Document


 

UNITED STATES
SECURITIES AND EXCHANGE COMMISSION
WASHINGTON, D.C. 20549

FORM 8-K
CURRENT REPORT
Pursuant to Section 13 or 15(d) of the Securities Exchange Act of 1934

Date of Report (Date of earliest event reported): April 11, 2018 (April 5, 2018)


FRONT YARD RESIDENTIAL CORPORATION
(Exact name of Registrant as specified in its charter)

MARYLAND
 
001-35657
 
46-0633510
(State or other jurisdiction of incorporation or organization)
 
(Commission File Number)
 
(I.R.S. Employer Identification No.)

c/o Altisource Asset Management Corporation
5100 Tamarind Reef
Christiansted, United States Virgin Islands 00820
(Address of principal executive offices including zip code)

(340) 692-1055
(Registrant’s telephone number, including area code)

Not Applicable
(Former name or former address, if changed since last report)

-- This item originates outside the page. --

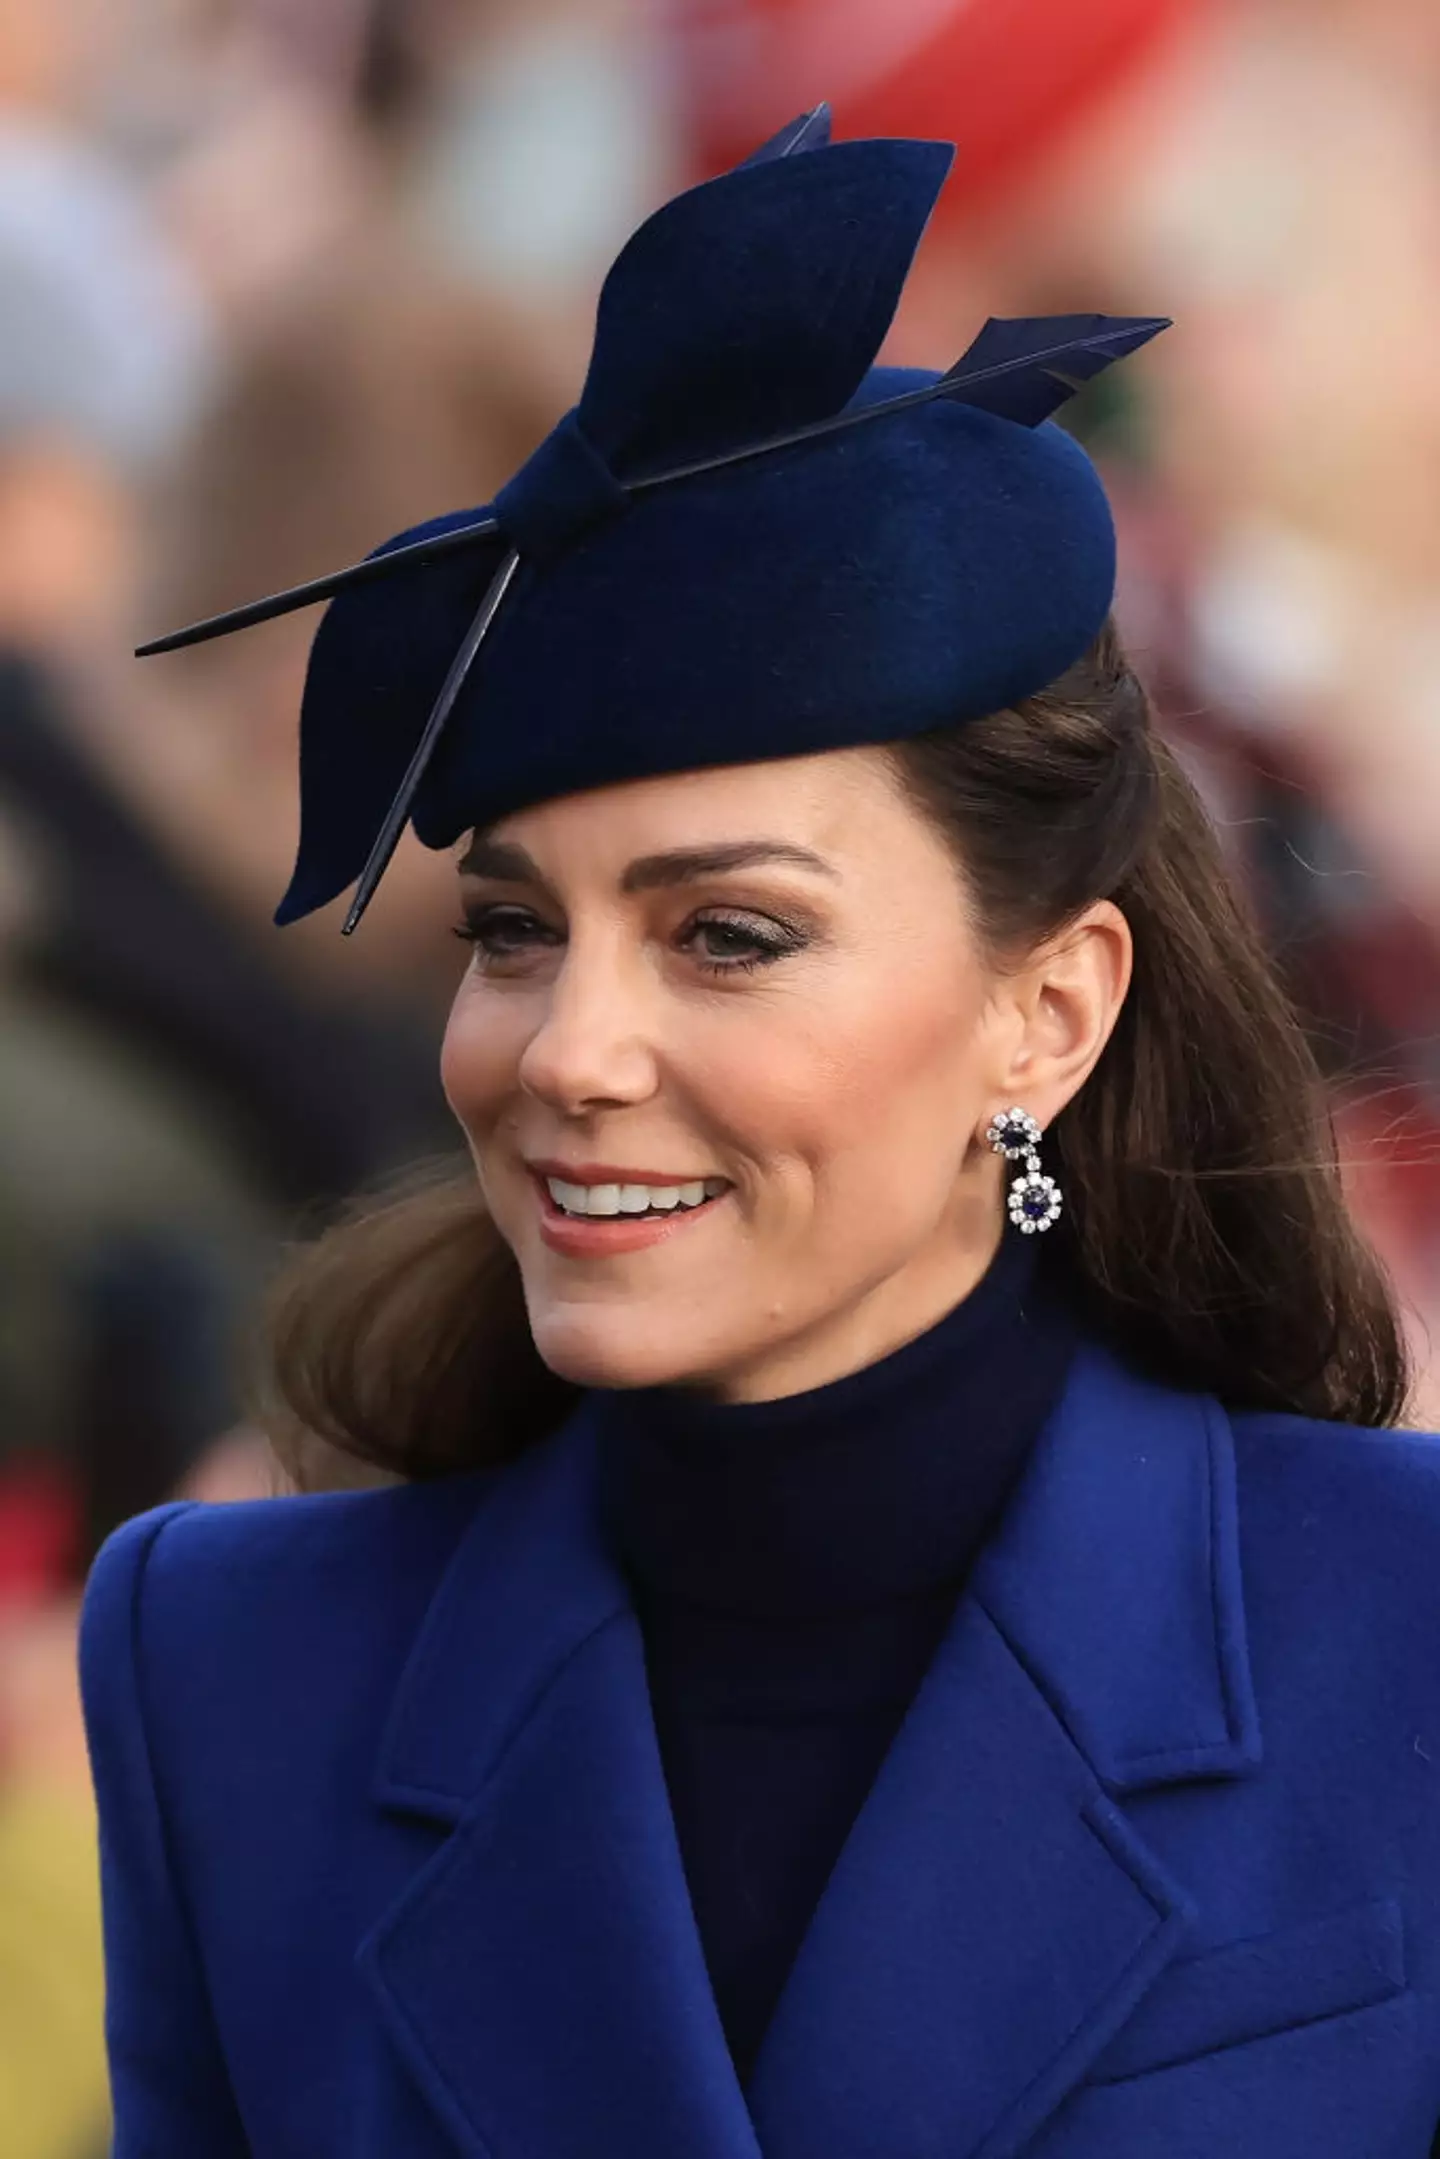 Kate Middleton will not be played by Sheridan Smith in an upcoming series.

Check the appropriate box below if the Form 8-K filing is intended to simultaneously satisfy the filing obligation of the registrant under any of the following provisions (see General Instruction A.2. below):

¨ Written communications pursuant to Rule 425 under the Securities Act (17 CFR 230.425)

¨ Soliciting material pursuant to Rule 14a-12 under the Exchange Act (17 CFR 240.14a-12)

¨ Pre-commencement communications pursuant to Rule 14d-2(b) under the Exchange Act (17 CFR 240.14d-2(b))

¨ Pre-commencement communications pursuant to Rule 13e-4(c) under the Exchange Act (17 CFR 240.13e-4(c))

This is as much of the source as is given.